Monday, August 9, 2010

More Money Madness

I've been catching up on blogs as you can see. I've enjoyed some camping and visitng time with my kids.

Yesterday was another day of money mess and internet irritation and going round and round the endless loop that exists in the matrix.

 The writing course that I jumped through so many last minute hoops to get in on time,  got cancelled. I received an email from PayPal telling me this (with no reason why) and I got this 4 days late as it was sent to an email site I hardly ever use. That too is it's own crazy story that I won't get into.

I felt my whole body get anxious as I got nowhere fast trying to resolve any of it. Visa shows that the monies are paid, and there is no credit back, so I can't even make the transaction again and I'm guessing that it was an address glitch. I had a feeling it would happen when my address did not show up correctly on my Visa statement, and I've gone down twice to change it as they don't allow internet changes.

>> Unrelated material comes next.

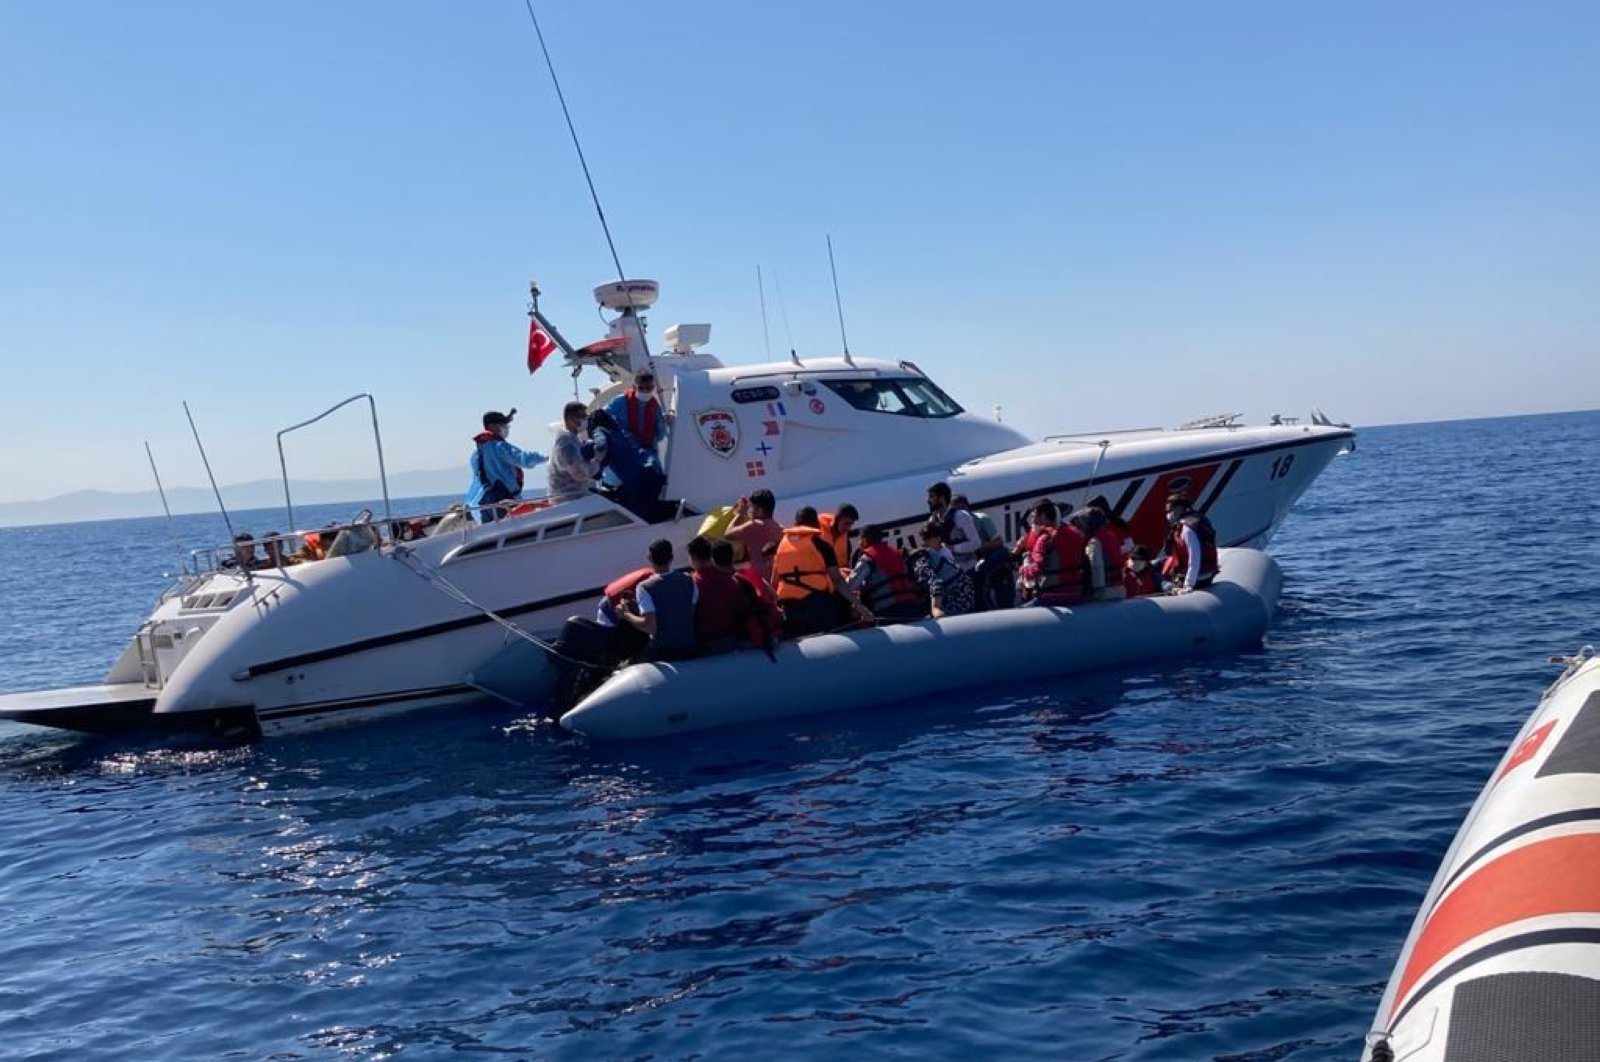 The Turkish coast guard saves the migrants in the Aegean Sea, July 21, 2020. (DHA Photo)
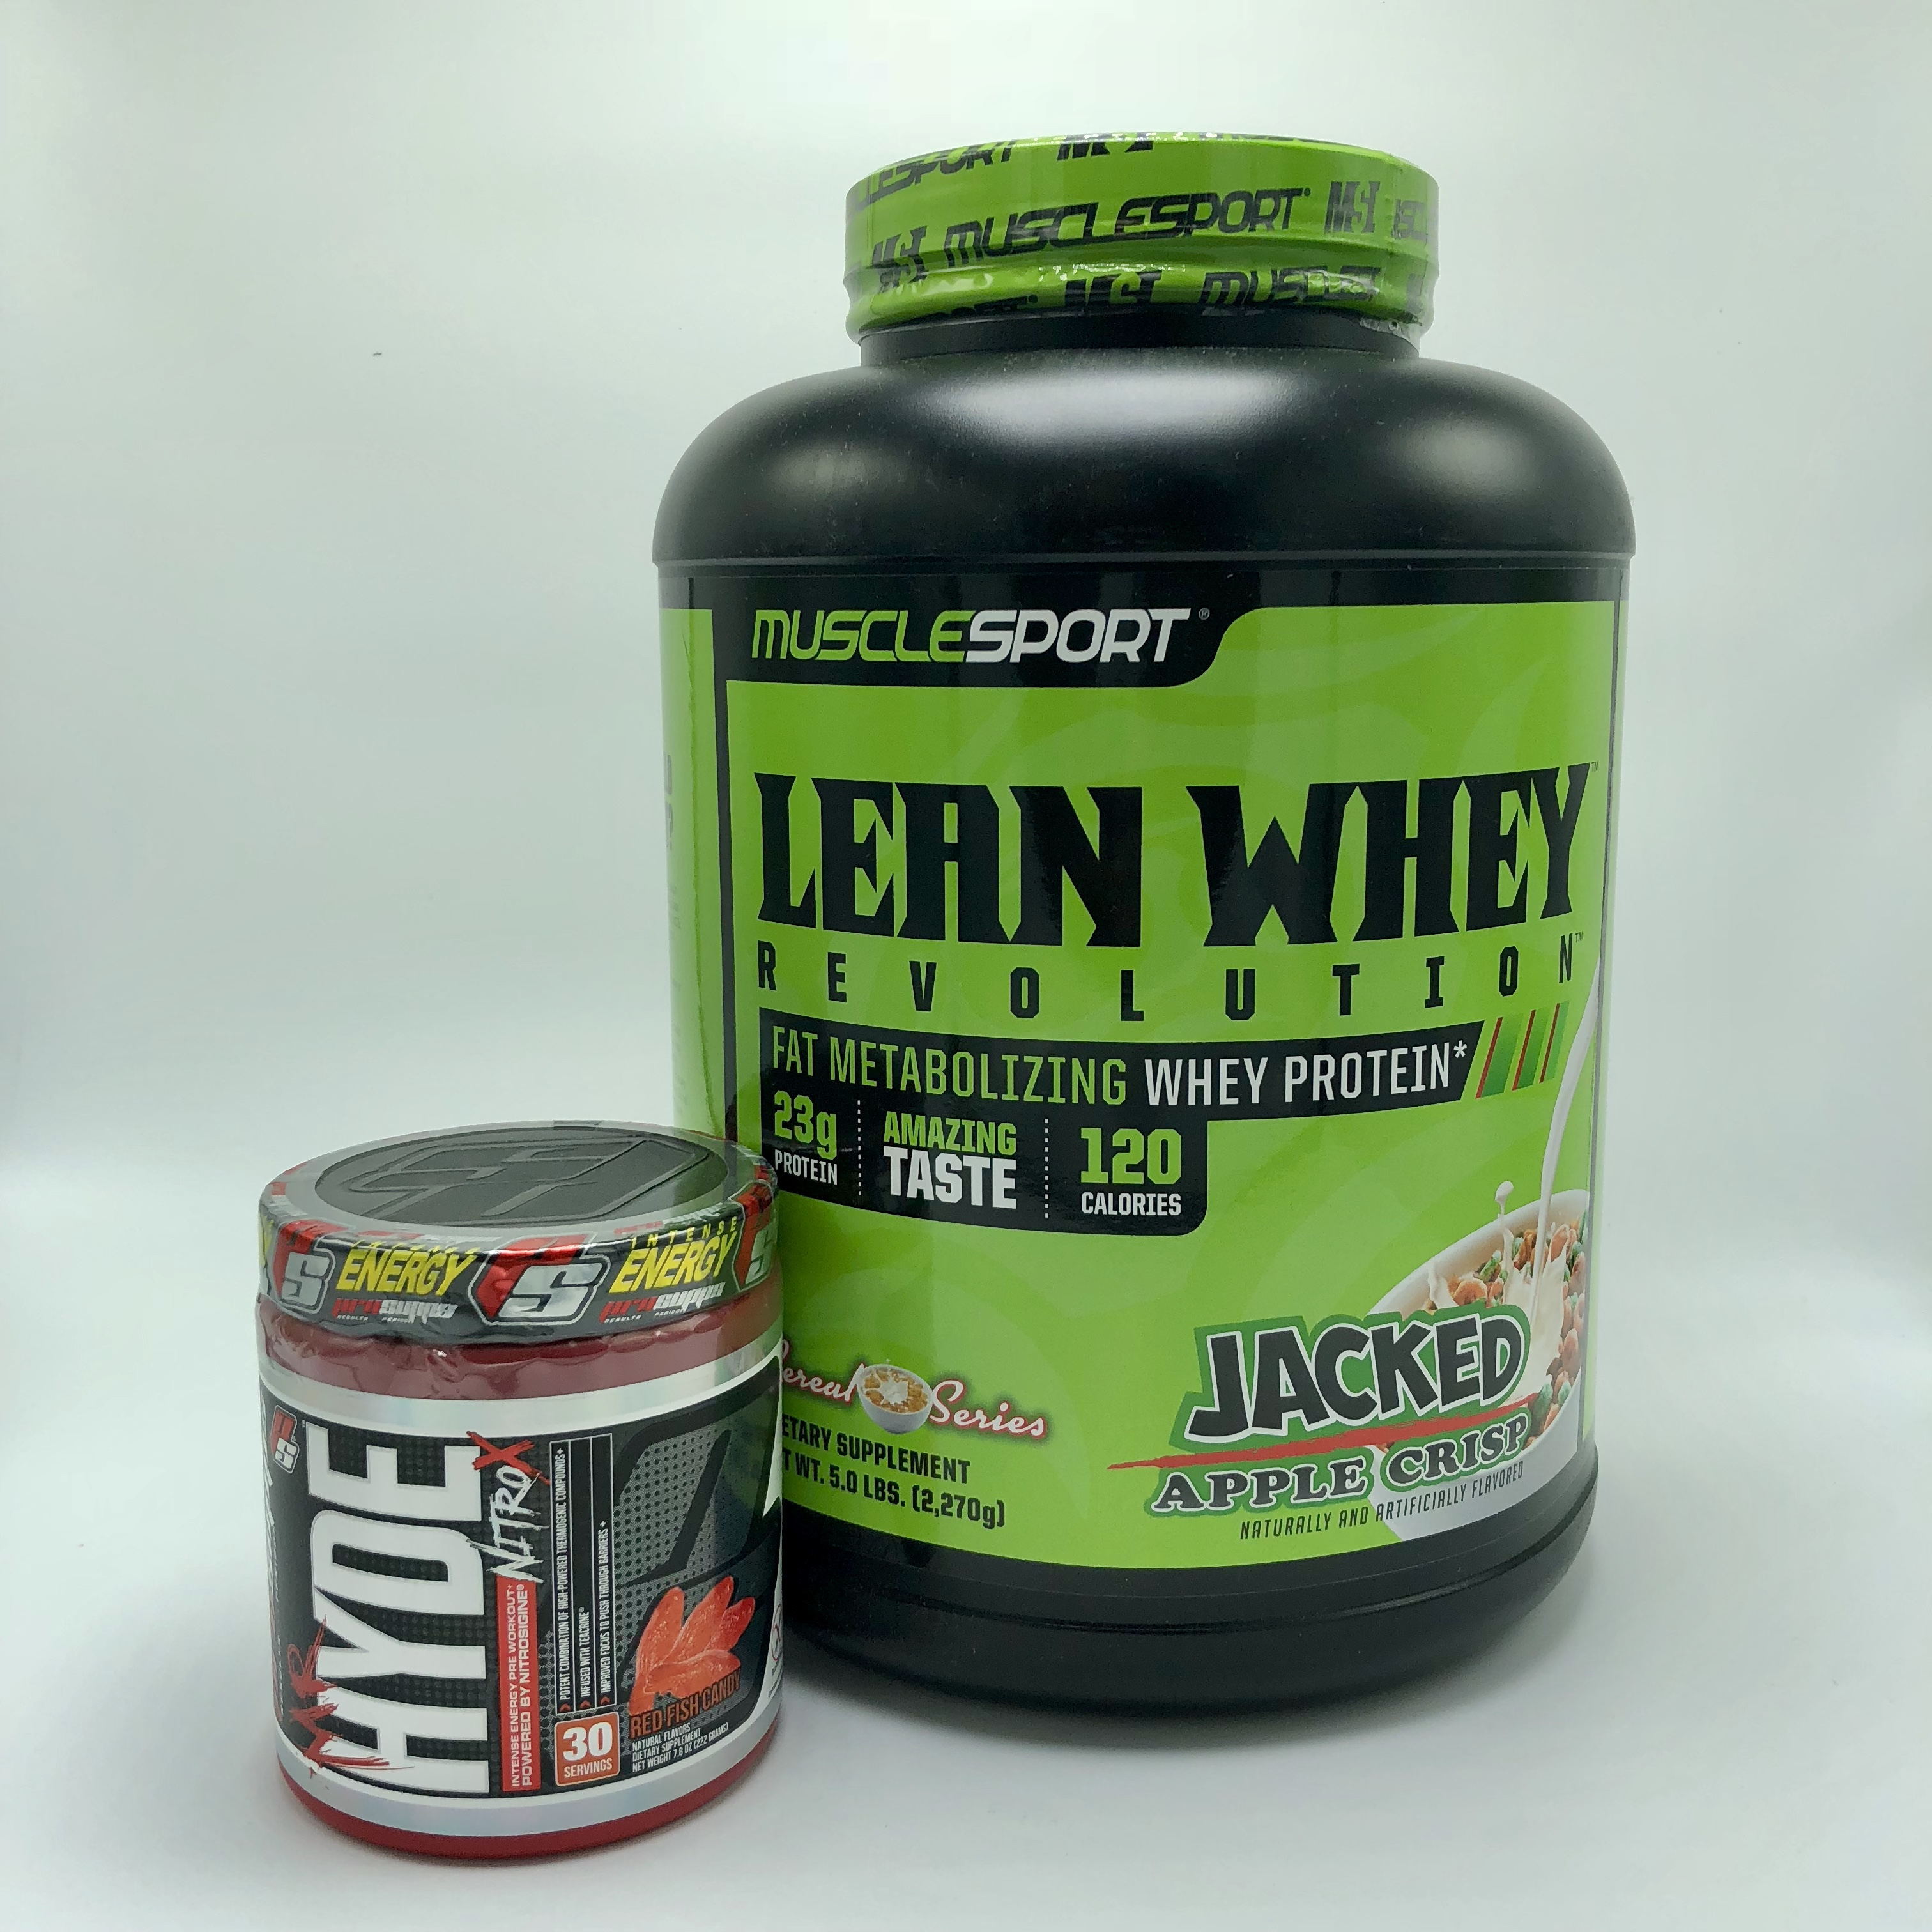 Muscle Sport Lean Whey Pro Supps Mr. Hyde Nitro

So before I made the transaction, I quickly checked on the Visa site to see if my address was updated. It wasn't, to I used the address that Visa was still showing on the website, NOT the corrected address. After getting the email saying my transaction was cancelled, I noticed that my address had finally been updated and corrected on their site. ARRG!

Who knows what glitch happened to cancel my important transaction, but after I was ready to calm down and tell the Truth about it all, it was amazing how it all became nothing. I planned these wonderful details to trick myself into believing it is all so real and so important.

As I wrote to a friend,
My stress and anxiety always comes from believing that each detail is real, where as, I planned each detail to fool me into thinking it was real! That's the Truth and it always brings an inner awareness of appreciation (when I remember to remember)!

You would think that it would be easier to remember and this stuff wouldn't be happening, but anyone who is going through this waking up process can testify as to how many layers of cover up there are. And this too is perfectly planned so that I would not discover this truth right away. If I had gotten through a few layers and saw the truth, the gig would have been up a long time ago.

There would be no fantastic movie to get lost in. And there would be no great treasure hunt to enjoy now.

And update on my cheque that I deposited Aug first. It went through my employer's account a week ago today and my bank (the SAME bank as hers) is still holding my money until midnight tomorrow. (That's almost 11 days). If I didn't know that each detail was planned by me FOR me, I would be ranting and raving to all my illusions and expecting them to change!